# Carmacks sqrt()

###
#2
Members - Reputation: **142**

Posted 15 February 2003 - 04:26 AM

float InvSqrt (float x)

{

float xhalf = 0.5f*x;

int i = *(int*)&x;

i = 0x5f3759df - (i >> 1);

x = *(float*)&i;

x = x*(1.5f - xhalf*x*x);

return x;

}

I believe it was inverse square root. To test it I used:

int main()

{

cout << "Using Carmacks: " << 1 / InvSqrt(3) << endl;

cout << "math.h: " << sqrt(3) << endl;

}

And it was pretty accurate.

I did a quick (and I believe innacurate, because I used SDL's getticks instead of other means due to inexperience) test using full compiler optimization in Dev-c++ of the time required to do 10,000,000 loops on both math.h's and carmacks.

Carmack: 28ms

math.h: 232ms

Hmm. That's an awfully large difference. Please correct me if I'm wrong.

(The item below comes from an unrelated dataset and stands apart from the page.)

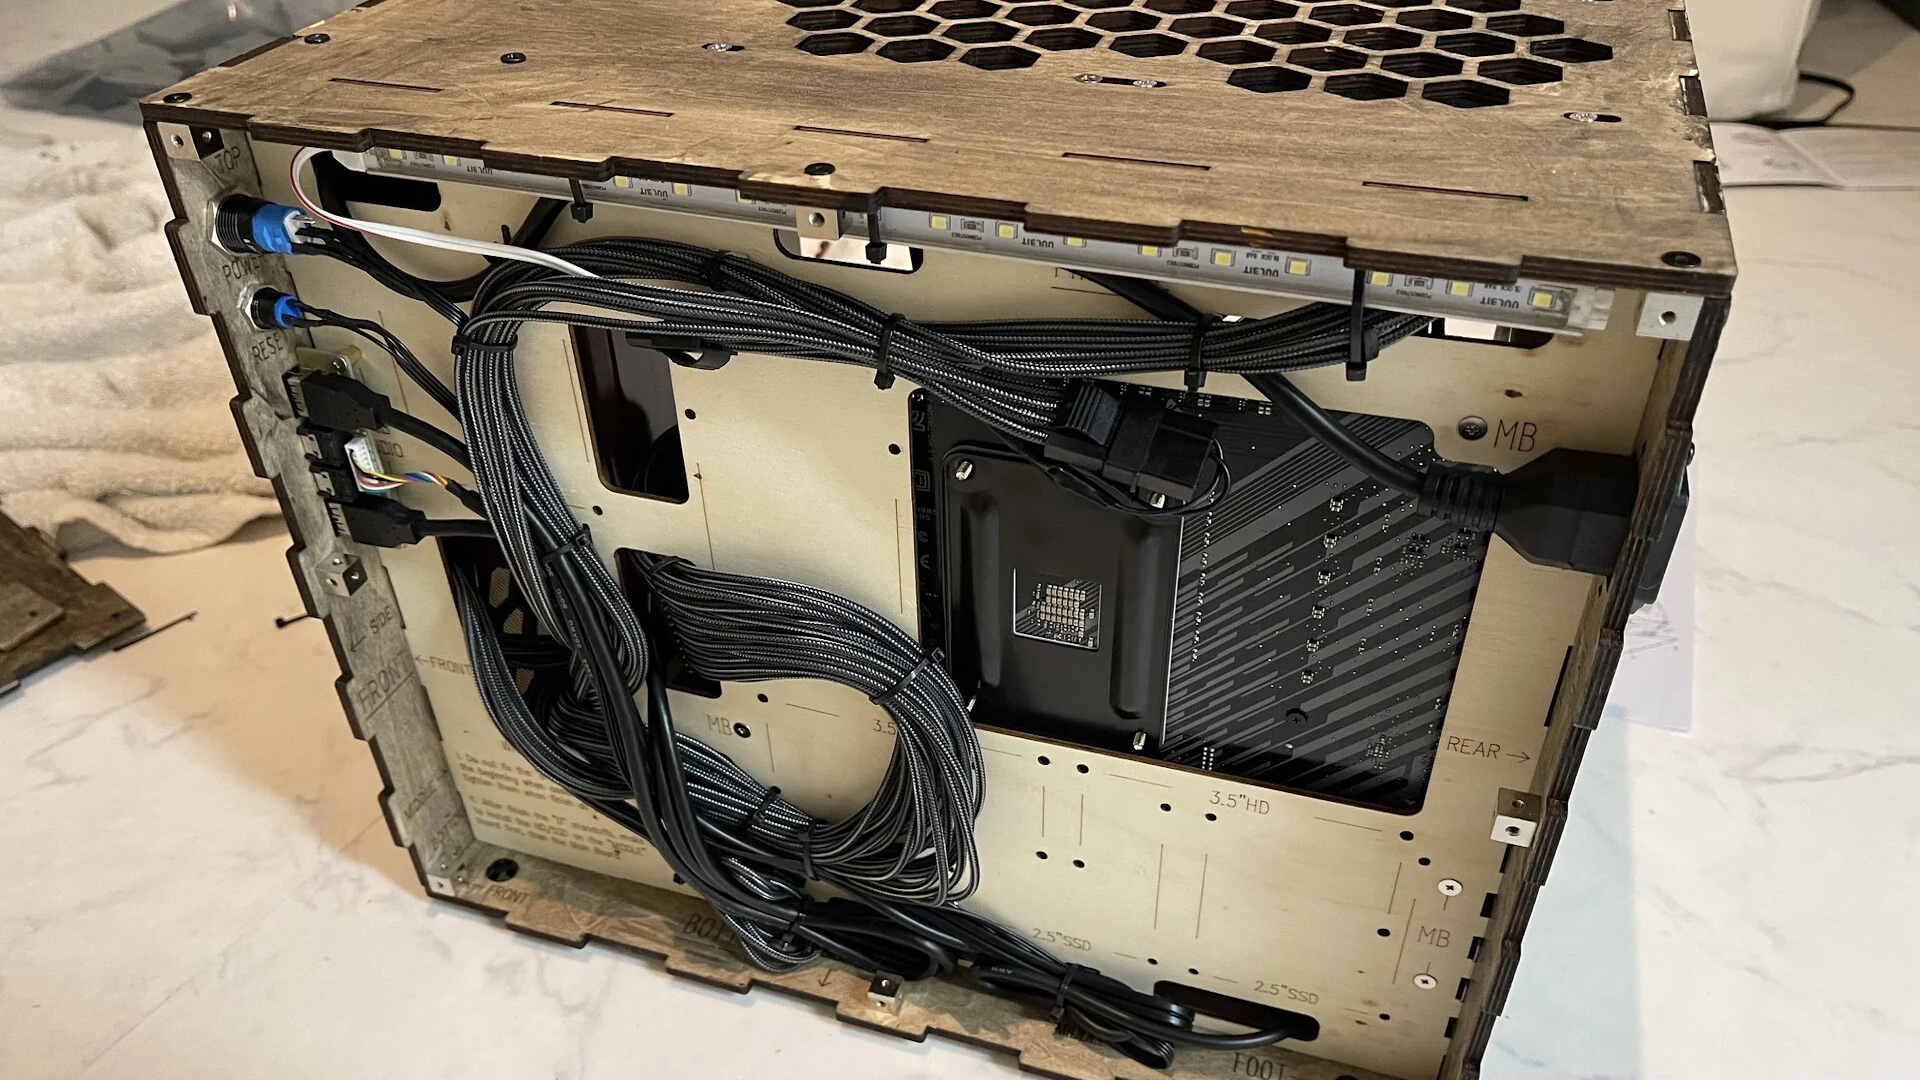 The cable management of the Noctua wooden gaming PC

[edited by - Ronin Magus on February 15, 2003 11:35:18 AM]

###
#3
Members - Reputation: **142**

Posted 15 February 2003 - 04:58 AM

- Mikko Kauppila (whose name doesn't sound cool

[edited by - uutee on February 15, 2003 11:59:23 AM]

###
#6
Members - Reputation: **491**

Posted 15 February 2003 - 05:06 AM

###
#7
Crossbones+ - Reputation: **4956**

Posted 15 February 2003 - 05:16 AM

i tried to do it by hand and i''m getting weird numbers...

float x == 4

float xhalf == 0.5f * 4 == 2

int i == 2

i == 5f3759df (which is 1597463007 in decimal) - (2 >> 1)

== 1597463006

x == 1597463006

x == 1597463006*(1.5f - 2*x*x)

x == some ridiculously long number:

(8153093528352233345939813923)

and the inverse is (1/x): 1.22 e-28.

in other words not 2.

can someone tell me where i went wrong with the calculation?

###
#8
Members - Reputation: **1437**

Posted 15 February 2003 - 05:30 AM

quote:Original post by Alpha_ProgDes

can someone tell me where i went wrong with the calculation?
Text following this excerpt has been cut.